= Requirement =
How do the lines read from the one holding "porte saint-denis, parigi, francia" through the last line of the listing? Set them down exactly, pictures omitted.

Top of Data shown

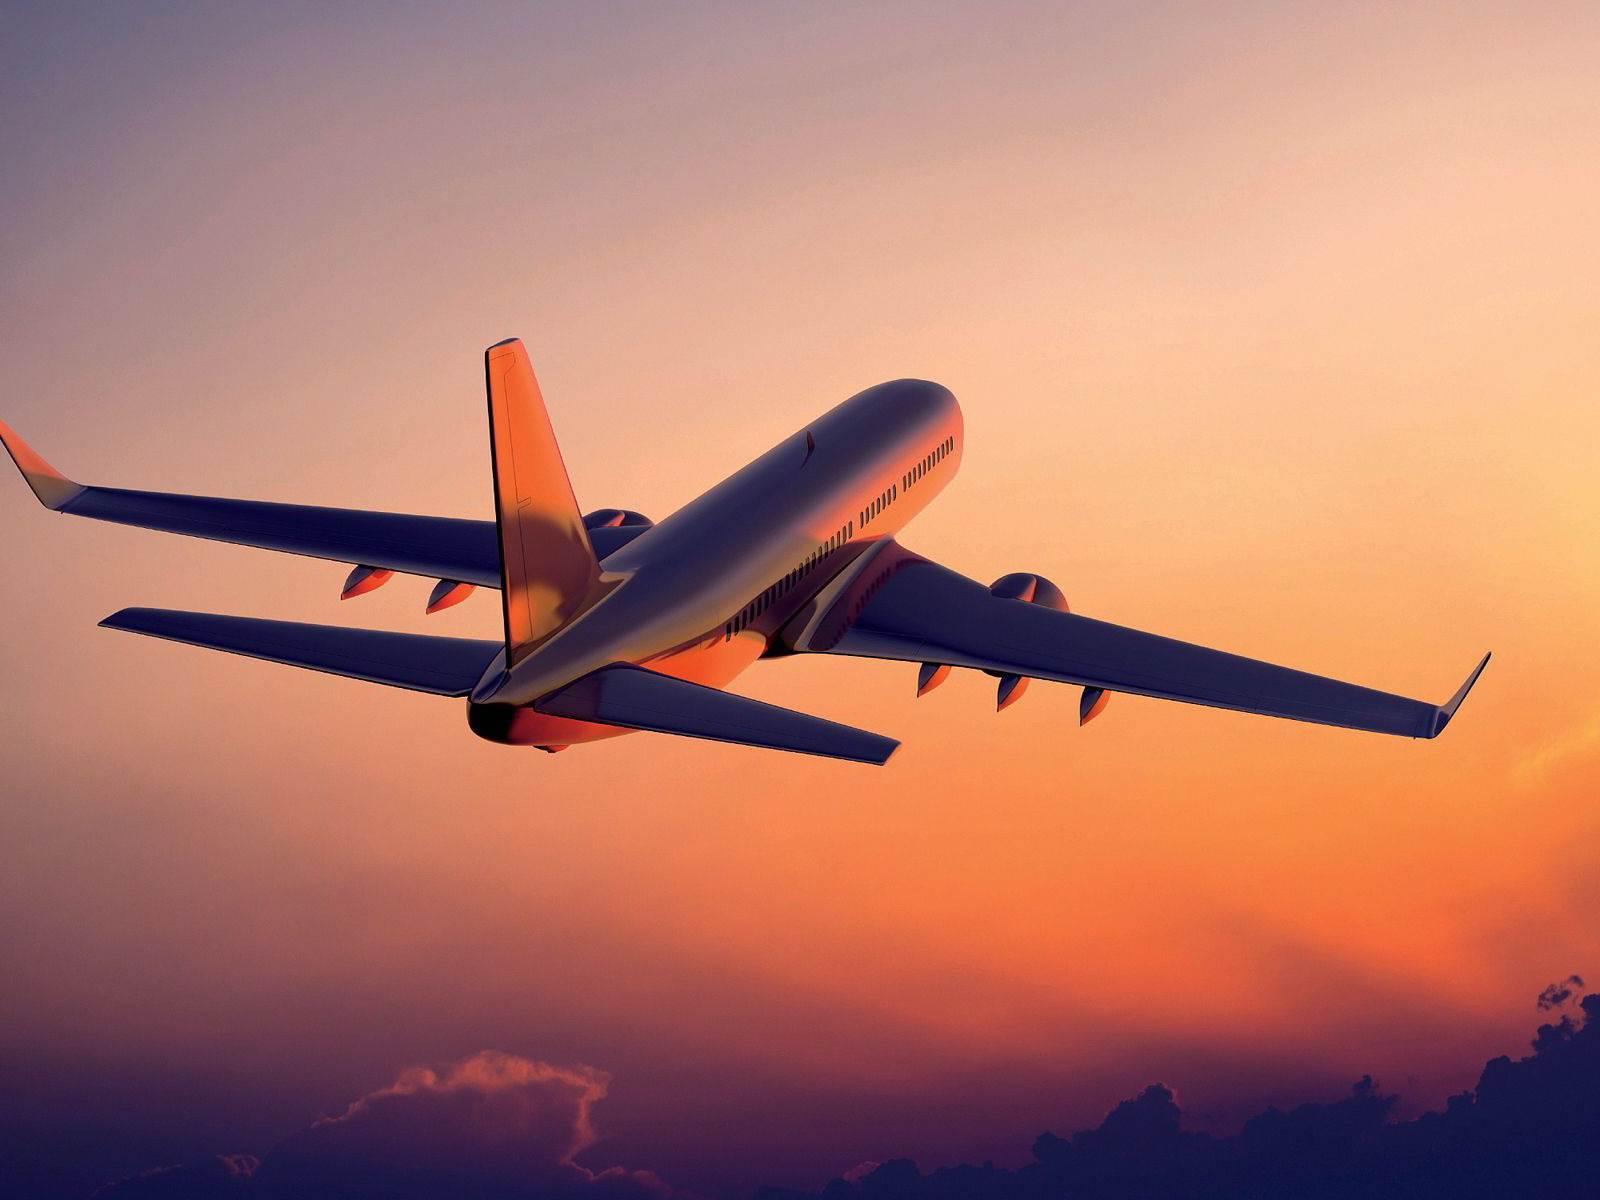 ارتفاع حركة السفر جوا في الشرق الأوسط بمعدل 3ر15 بالمائة
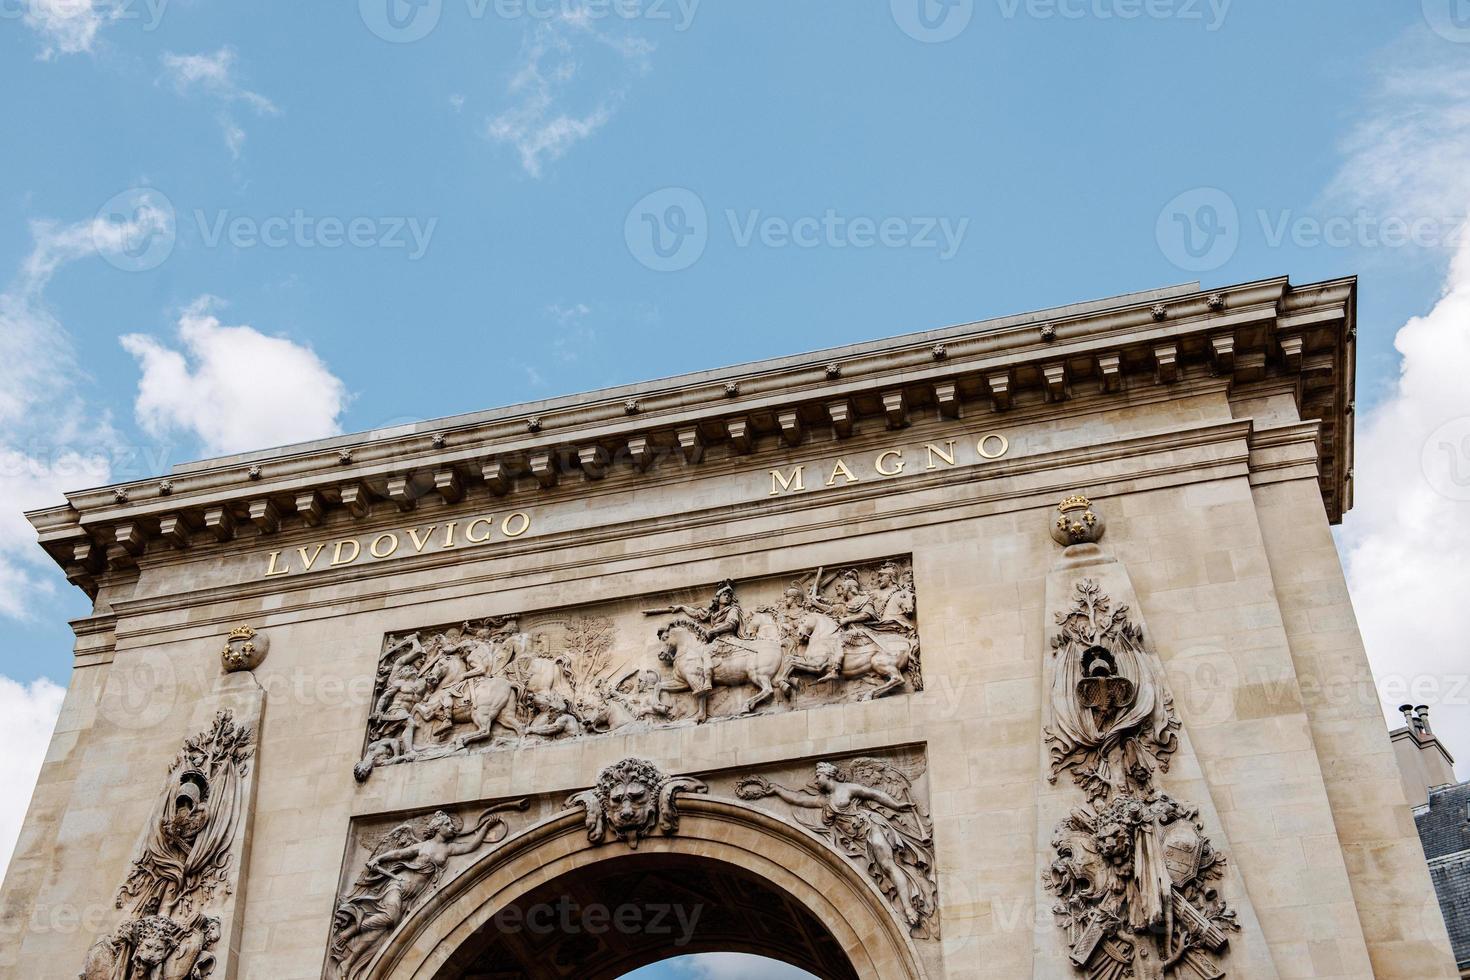 porte saint-denis, parigi, francia arco trionfale foto
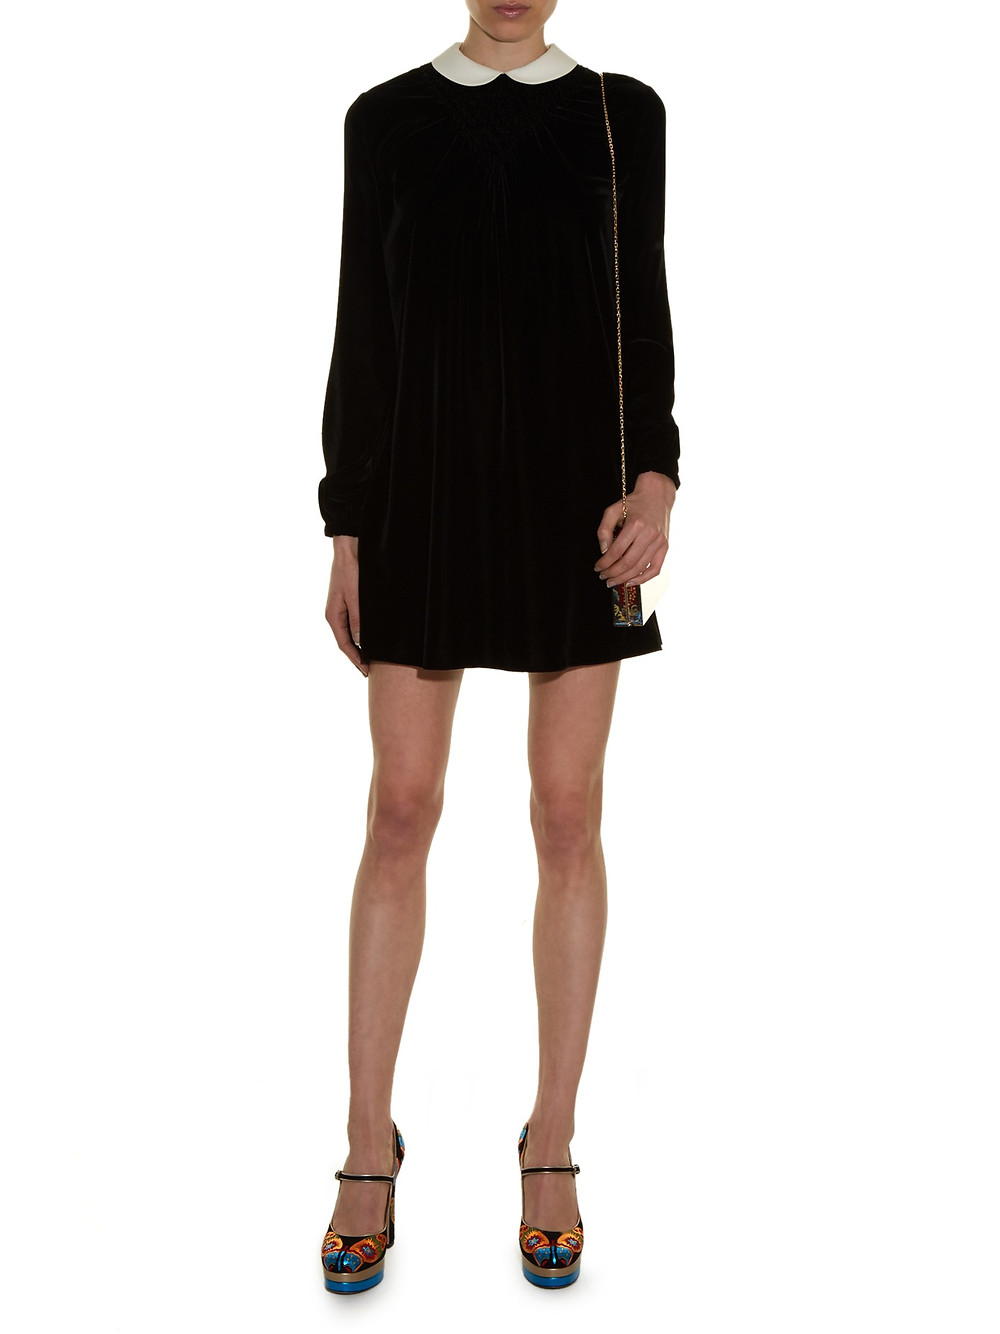 Valentino Peter Pan Collar Smocked Velvet Dress $6,590

Bottom of Data shown

= Answer to the exercise =
 porte saint-denis, parigi, francia arco trionfale foto
 Valentino Peter Pan Collar Smocked Velvet Dress $6,590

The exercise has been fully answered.